Navigation is the first step in loading a web page. It occurs when a user enters a URL in the address bar or clicks on a link.

Go to web page

DNS search

The first step is to find the IP address where the resources are hosted. This is done using a DNS lookup.

A DNS (Domain Name System) server is a server that is primarily used to map a website’s hostname (eg: www.example.com) to its corresponding IP address. It contains a database of public IP addresses and their corresponding domain names.

For example, if you visit www.example.com, the DNS server will return its IP address (93.184.216.34).

Triple TCP handshake

The next step is to establish a TCP connection with the server. This is done using a three-way TCP handshake.

Translator’s note. Transmission Control Protocol (TCP) is a transmission control protocol. It is a standard that defines how to establish and maintain network communication through which applications can exchange data.

Triple TCP handshake

  1. First, the client sends a request to open a connection with the server using a SYN packet (SYNchronize packet).

  2. Then the server responds with a SYN-ACK packet (from the English SYNchronize-ACKknowledge packet) to confirm the request and invite the client to open the connection.

  3. Finally, the client sends an ACK packet to the server to confirm the request.

TLS handshake

If the website uses HTTPS (Hypertext Transfer Protocol Secure), the next step is to establish a TLS connection via TLS handshake.

Translator’s note. TLS (Transport Layer Security) – encrypts data transmitted over the Internet so that eavesdropping devices and hackers cannot see what you are transmitting, which is especially useful for private and confidential information such as passwords , credit card numbers and personal correspondence.

TLS handshake

At this stage, several more messages are exchanged between the browser and the server.

  1. Client sends “hello”: the browser sends a message to the server with the TLS version and the set of ciphers it supports, as well as a string of random bytes called “client random”.

Translator’s note. “Client random” (as hereinafter “server random”) is a string of 32 random bytes. According to the TLS 1.2 specification, the first 4 bytes are the current date and time, and the remaining 28 bytes are randomly generated numbers.

  1. The server sends a “hello” and a certificate: in response to the client’s “hello”, the server sends its welcome message containing an SSL certificate, a set of ciphers and a string of random bytes called “server random”.

  2. Authentication: the browser checks the SSL certificate received from the server for authenticity through the “certificate authority” that issued it. In this way, the browser can understand that the server is really who it claims to be.

  3. “premaster secret” (premaster secret): the browser sends another string of randomly generated bytes, called the “premaster secret”, which is encrypted with a public key obtained from the server’s SSL certificate.

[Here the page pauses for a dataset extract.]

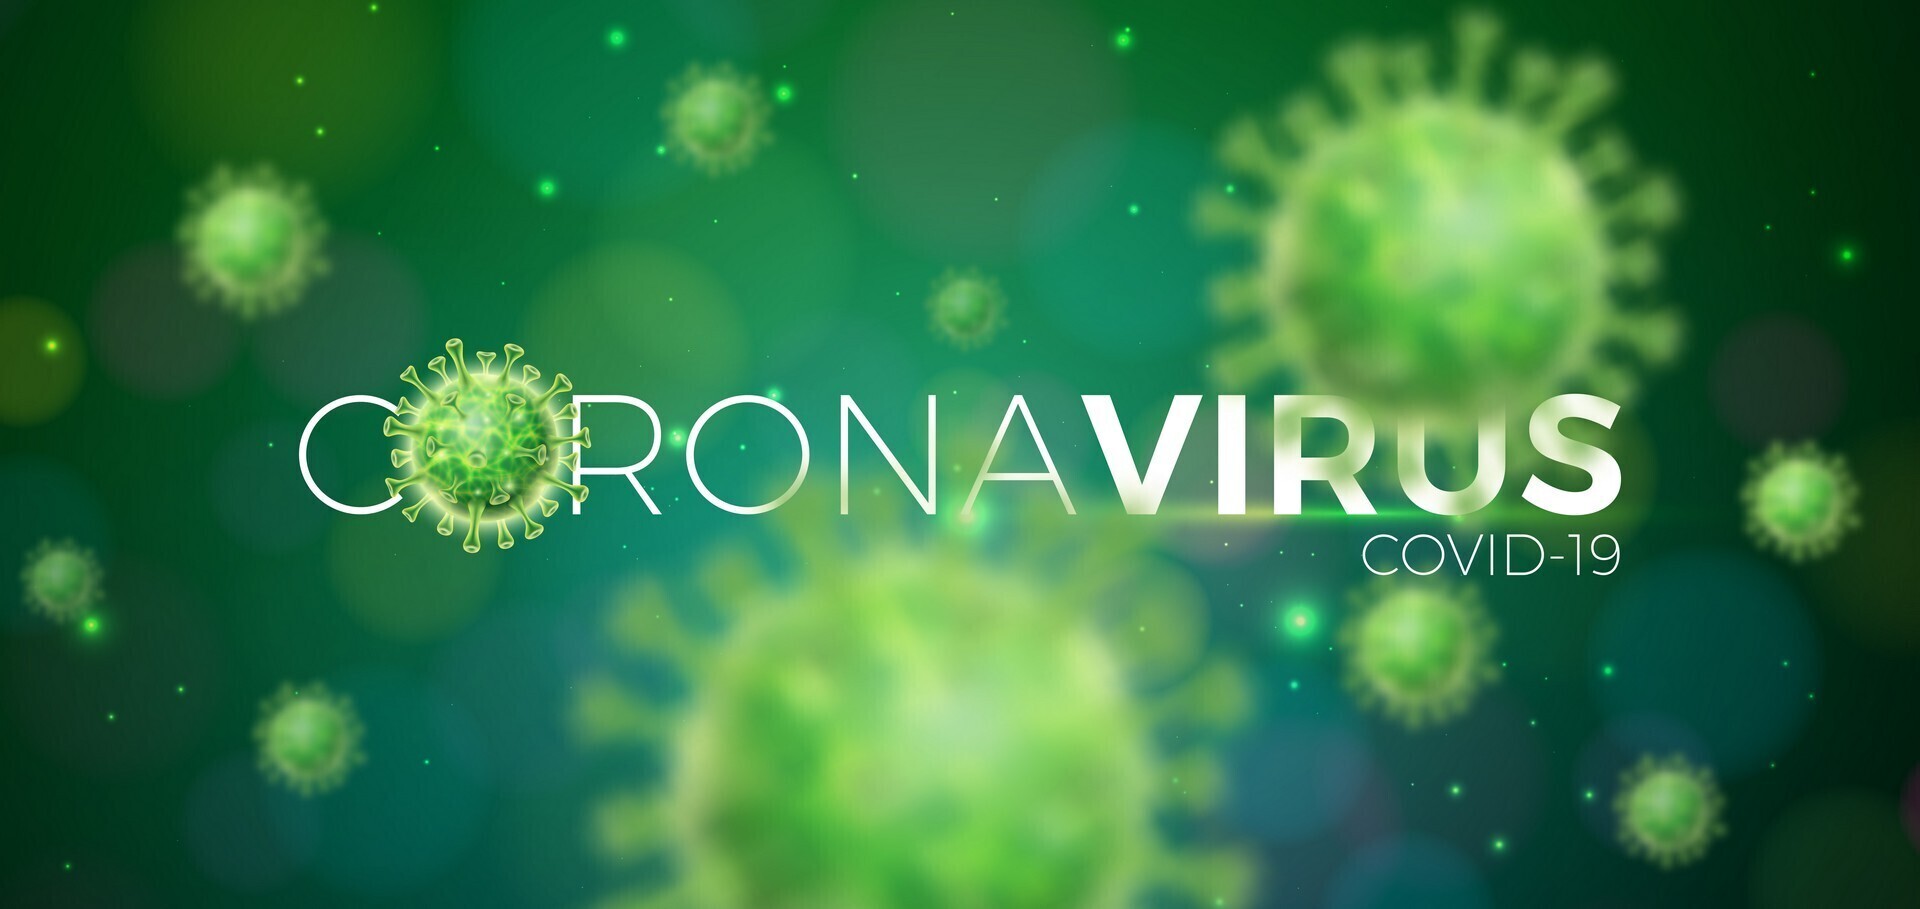 Covid-19. Coronavirus Outbreak Design with Virus Cell in Microscopic View on Green Background. Vector Illustration Template on Dangerous SARS Epidemic Theme for Promotional Banner or Flyer.

The premaster’s secret can only be decrypted using the server’s private key.

  4. Using a private key: the server decrypts the premaster secret

  5. Creating session keys: browser and server generate session keys based on “client random”, “server random” and “premaster secret”.

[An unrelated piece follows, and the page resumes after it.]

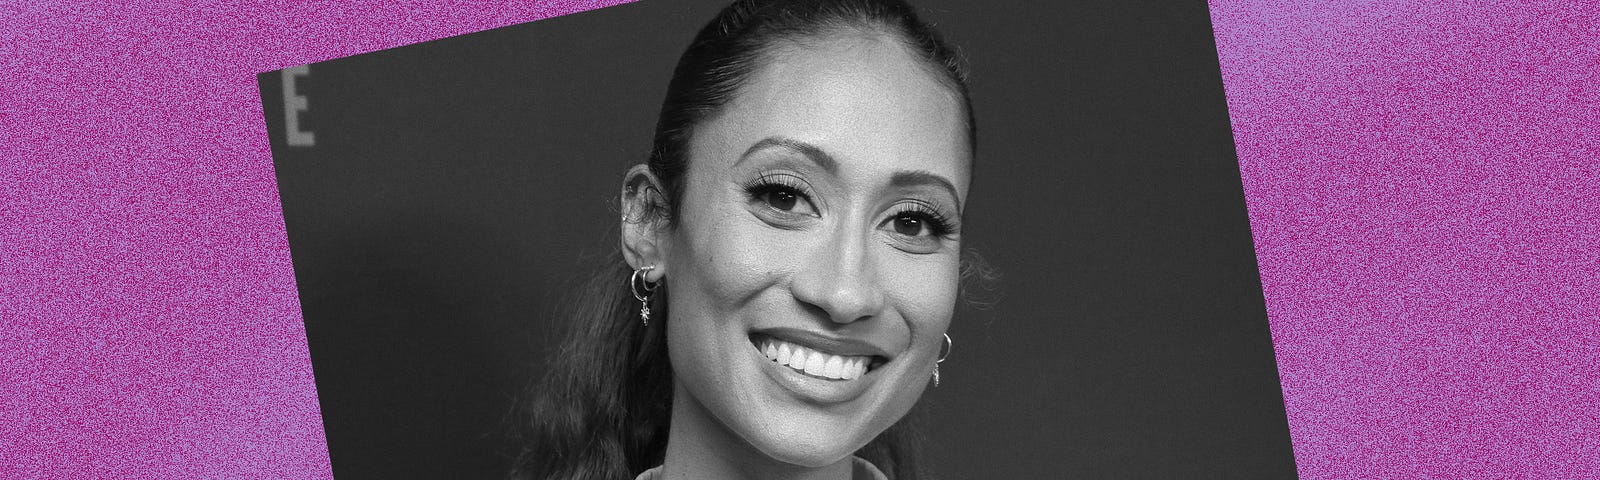 Black and white photo of Elaine Welteroth against a violet background.

  6. The client completes the handshake process: the browser sends a message to the server about the completion of the process.

  7. The server completes the handshake process: the server also sends a message to the client about the completion of the process from its side.

  8. Symmetric encryption security is achieved: the handshake is completed and further communication can continue using session keys.

Now you can start sending requests to the server and receiving data from it.

2. Fetching of resources

After establishing a TCP connection, the browser can start fetching (from the English ch. to fetch – to receive, download) server resources.

Resource fetching

HTTP request

If you already have experience in web development, you’ve probably come across the concept of HTTP requests.

HTTP requests are used for fetching server resources. For requests, you must specify the URL and the type of request (GET, POST, PUT, DELETE). The browser also adds headers to the request to provide additional information.

The first request to the server is usually a GET request to retrieve an HTML file.

HTTP response

The server then responds with an appropriate HTTP response. The response contains a status code, headers, and body.

3. HTML parsing

Now the main section begins. After the browser has received the HTML file, it parses it to create a DOM (Document Object Model) tree.

This is done with the help of the browser engine, which is its core (Ex. Gecko for Firefox, Webkit for Safari, Blink for Chrome, etc.).

Here is an example HTML file:

<!DOCTYPE html>
<html>
  <head>
    <title>Page Title</title>
  </head>
  <body>
    <p>Hello World!</p>
  </body>
</html>

Tokenization

The first step on the way to displaying a web page is to tokenize the HTML file. Tokenization – is the process of dividing a string of characters into significant chunks (from English chunk – piece) for the browser, called tokens (from English token – token).

Tokens are the basic building blocks of the DOM tree.

Tokenization

Building a DOM tree

Lexing (lexing) is the process of converting tokens into a tree-like structure called a DOM tree.

DOM tree – is a tree-like data structure that is nodes (from the English node – node) in an HTML document.

DOM tree

Note: if the page requires any external resources, they will be handled as follows:

  1. Unblocked resources are loaded in parallel (Ex.: pictures)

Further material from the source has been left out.